Name: Toxic Comment Model Evaluation
Author: Ziqing25

Search skills.../

Toxic Comment Model Evaluation | Skills Pool

Source	Files
`models/`	`tfidf_vectorizer.pkl`, `model_lr.pkl`, `model_linearsvc.pkl`, `model_toxigen_lr.pkl`, `toxigen_test_emb.npy`, `minilm_finetuned/`
`processed_data/`	`test_set.csv` (columns: `id`, `comment_text_clean`, `toxic_label`)

MODEL_IDS      = ["logistic_regression", "linear_svc", "toxigen_bert_lr", "minilm_ft"]
METRIC_COLUMNS = ["accuracy", "precision", "recall", "f1", "roc_auc"]
BIAS_KEYWORDS  = ["gay", "black", "white", "racial", "race",
                  "muslim", "christian", "jewish", "asian"]
MINILM_BATCH   = 128

def compute_metrics(y_true, y_pred, y_score) -> dict:
    return {
        "accuracy":  float(accuracy_score(y_true, y_pred)),
        "precision": float(precision_score(y_true, y_pred, zero_division=0)),
        "recall":    float(recall_score(y_true, y_pred, zero_division=0)),
        "f1":        float(f1_score(y_true, y_pred, zero_division=0)),
        "roc_auc":   float(roc_auc_score(y_true, y_score))
                     if len(np.unique(y_true)) > 1 else float("nan"),
    }

# TF-IDF + sklearn models
tfidf_union  = pickle.load(open(MODELS_DIR / "tfidf_vectorizer.pkl", "rb"))
best_lr      = pickle.load(open(MODELS_DIR / "model_lr.pkl",         "rb"))
best_svc     = pickle.load(open(MODELS_DIR / "model_linearsvc.pkl",  "rb"))
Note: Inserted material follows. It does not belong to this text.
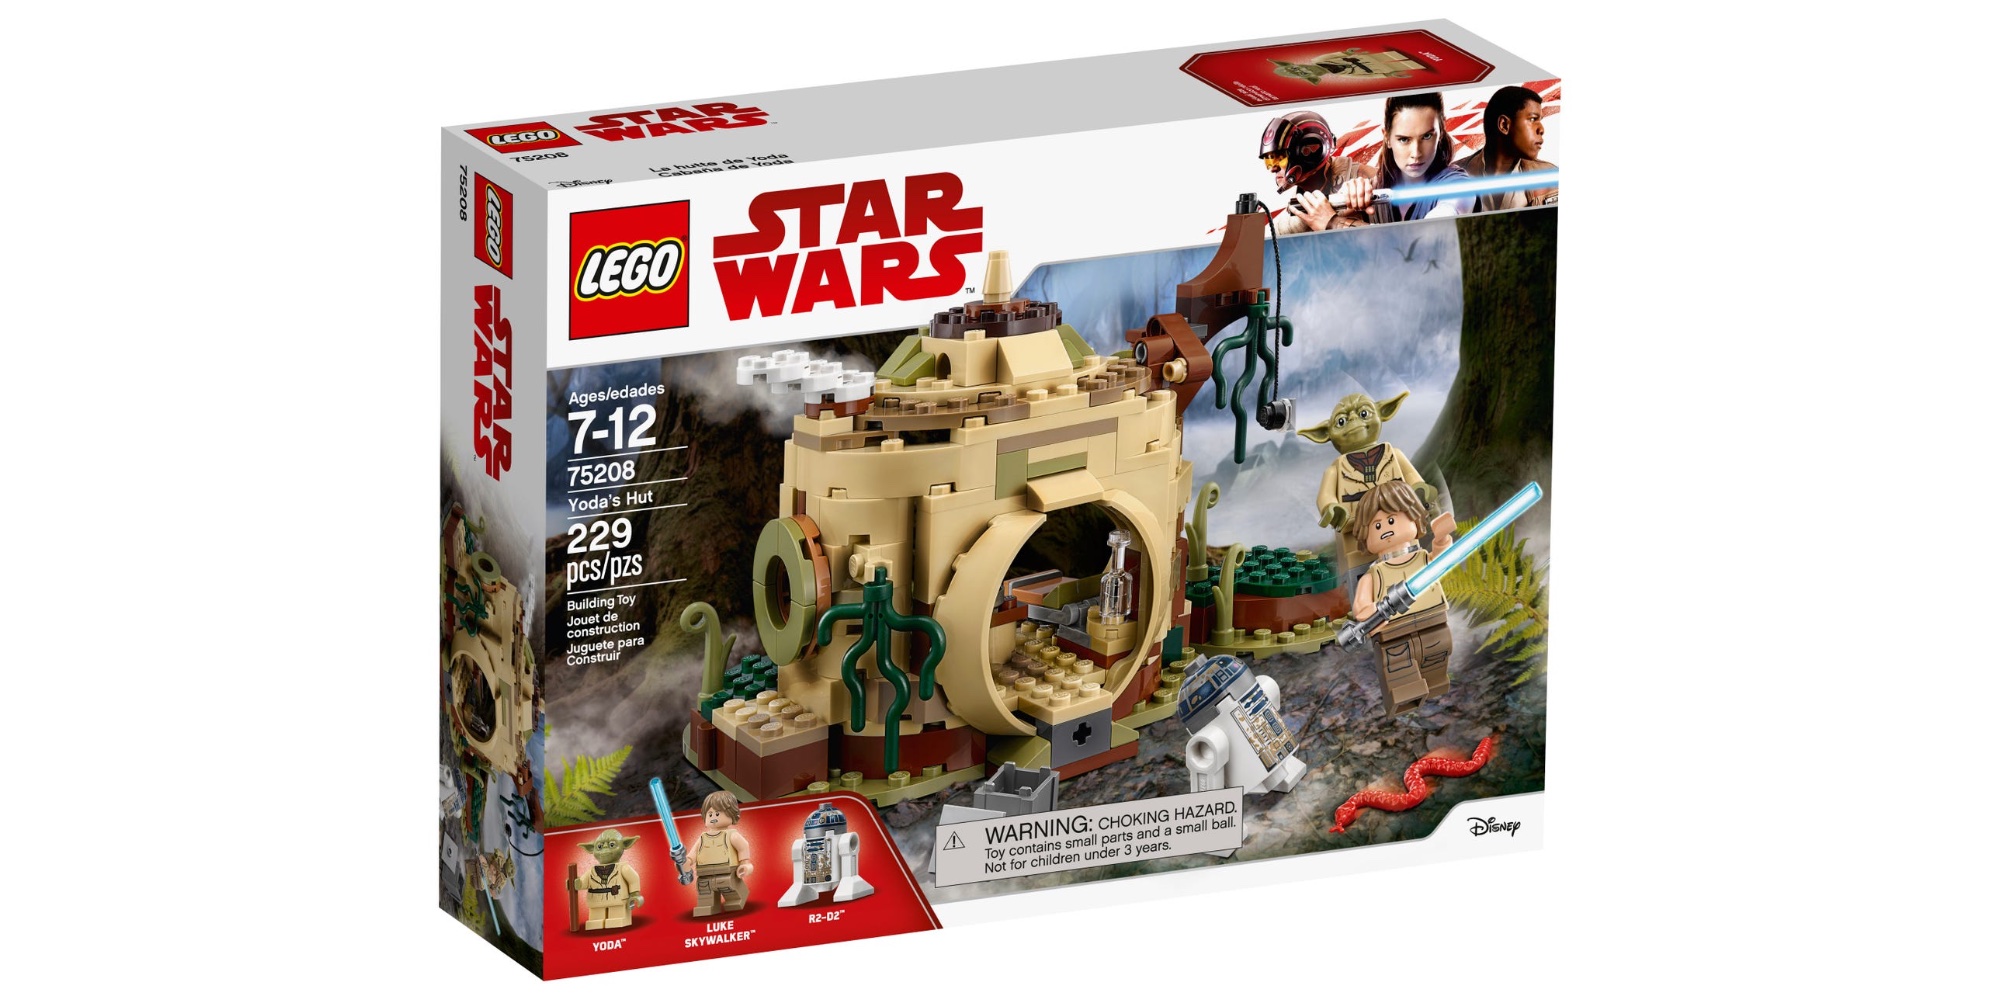  LEGO Star Wars 2022
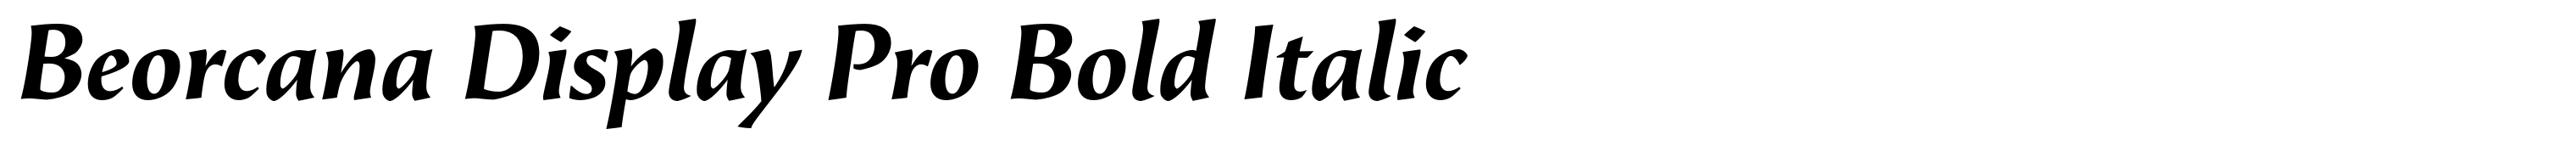 Beorcana Display Pro Bold Italic

# ToxiGen: pre-computed test embeddings + LR head
X_test_toxigen = np.load(MODELS_DIR / "toxigen_test_emb.npy")
toxigen_lr     = pickle.load(open(MODELS_DIR / "model_toxigen_lr.pkl", "rb"))

# Fine-tuned MiniLM via HuggingFace pipeline
minilm_tokenizer   = AutoTokenizer.from_pretrained(str(MODELS_DIR / "minilm_finetuned"))
minilm_classifier  = pipeline(
    task="text-classification",
    model=str(MODELS_DIR / "minilm_finetuned"),
    tokenizer=minilm_tokenizer,
    device=0 if torch.cuda.is_available() else -1,
    return_all_scores=False,
    truncation=True, max_length=512, padding="max_length",
)

test_df    = pd.read_csv(PROCESSED_DIR / "test_set.csv")
y_test     = test_df["toxic_label"].values
test_texts = test_df["comment_text_clean"].tolist()

# TF-IDF models
X_test_tfidf  = tfidf_union.transform(test_texts)
y_pred_lr     = best_lr.predict(X_test_tfidf)
y_score_lr    = best_lr.predict_proba(X_test_tfidf)[:, 1]
y_pred_svc    = best_svc.predict(X_test_tfidf)
y_score_svc   = best_svc.predict_proba(X_test_tfidf)[:, 1]

# ToxiGen (embeddings already computed during training)
y_pred_toxigen  = toxigen_lr.predict(X_test_toxigen)
y_score_toxigen = toxigen_lr.predict_proba(X_test_toxigen)[:, 1]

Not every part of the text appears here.